UGM sebut penerapan gedung ramah lingkungan terkendala kemampuan arsitek

id arsitek,green building,gedung ramah lingkungan,dosen UGM

UGM sebut penerapan gedung ramah lingkungan terkendala kemampuan arsitek

Dosen Departemen Arsitektur dan Perencanaan Universitas Gadja Mada (UGM) dan Praktisi Bangunan Hijau Jatmika Adi Suryabrata (Foto ANTARA/Hery Sidik)

Yogyakarta (ANTARA) - Dosen Departemen Arsitektur dan Perencanaan Universitas Gadja Mada (UGM) Jatmika Adi Suryabrata mengatakan penerapan bangunan gedung ramah lingkungan atau green buildings di Indonesia masih terkendala kemampuan arsitek yang kurang.

"Seperti yang telah saya sampaikan bahwa tantangan yang utama (penerapan bangunan ramah lingkungan) itu adalah kemampuan arsitek di Indonesia masih sangat kurang," kata Jatmika disela-sela temu wicara The Future Is Green, Are You Ready For It yang diadakan IFC World Bank Group di UGM Yogyakarta, Rabu.

Menurut dia, para arsitek saat ini kurang memperhatikan bangunan gedung yang ramah lingkungan. Ia menilai hal itu karena dulu masih dimanjakan dengan energi yang murah.

"Akan tetapi sekarang ini kan harga energi sangat mahal, naik terus, sehingga klien itu sangat menuntut untuk efisiensi energi dan air, tantangannya itu, kemampuannnya (arsitek) masih kurang," kata Jatmika.

Bahkan, kata Jatmika yang juga Praktisi Bangunan Hijau, kenyataan saat ini pada mata kuliah-mata kuliah di universitas kurang mendukung dalam penerapan bangunan gedung yang ramah lingkungan.

Jatmika pun menilai kalau di Kota Yogyakarta ini banyak sekali potensi penerapan green buildings, dan setiap pengembang akan menginginkan untuk bangunan hemat energi dan hemat air supaya operasional lebih murah.
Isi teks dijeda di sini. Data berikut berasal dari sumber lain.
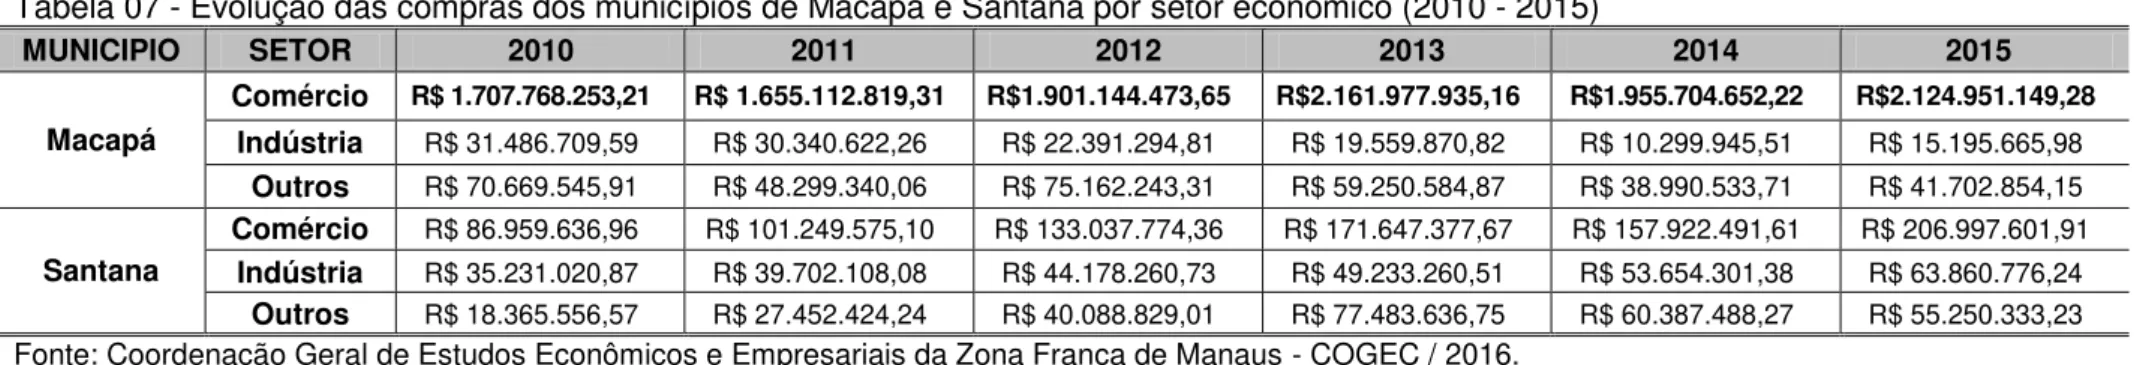 Tabela 07 - Evolução das compras dos municípios de Macapá e Santana por setor econômico (2010 - 2015)  MUNICIPIO  SETOR  2010  2011  2012  2013  2014  2015  Macapá  Comércio  R$ 1.707.768.253,21  R$ 1.655.112.819,31  R$1.901.144.473,65  R$2.161.977.935,16

"Seperti yang kita sampaikan bahwa 20 persen dari income (pendapatan) mereka untuk membayar bill, kalau itu bisa kita kurangi akan sangat membantu klien kita,"  katanya.

Dia menjelaskan kesalahan yang paling sering dilakukan dalam menerapkan bangunan gedung saat ini adalah banyak menggunakan kaca. Bahkan pada kaca yang sangat luas energi panas masuk ke dalam dan berakibat beban pada penggunaan AC (pengatur suhu dalam ruang).

"Biasanya AC adalah konsumen energi yang paling besar dalam satu bangunan, kalau kita ingin hemat pengeluaran, hematlah AC, hematlah penggunaan kaca lebih kecil yang didesain dengan orientasi yang benar, biasanya itu diabaikan sampai saat ini," katanya.

Jatmika mengatakan kaca dalam bangunan tidaklah harus diganti dengan bahan lain, namun didesain yang benar, bahkan kalau bisa menggunakan kaca yang high performance glass. "Jadi cahaya masuk tapi panasnya tidak masuk dan seterusnya," katanya.

Sementara itu Green Building Program Leader dari IFC (International Finance Corporation) Sandra Pranoto mengatakan IFC bagian dari bank dunia berkomitmen membantu negara-negara organisasinya dalam mengurangi dampak perubahan iklim.

Dia mengatakan dampak perubahan iklim itu kalau di Indonesia bisa karena tingkat urbanisasi sangat tinggi, bahkan dari 70 persen masyarakat akan pindah ke perkotaan hingga 2025, sehingga berdampak pada bangunan gedung-gedung di perkotaan.

"Jadi gedung itu harus lebih hemat energi, karena itu IFC membantu pemerintahan untuk membuat suatu kebijakan di mana mengharuskan gedung-gedung yang dibangun lebih hemat energi maupun hemat air," katanya.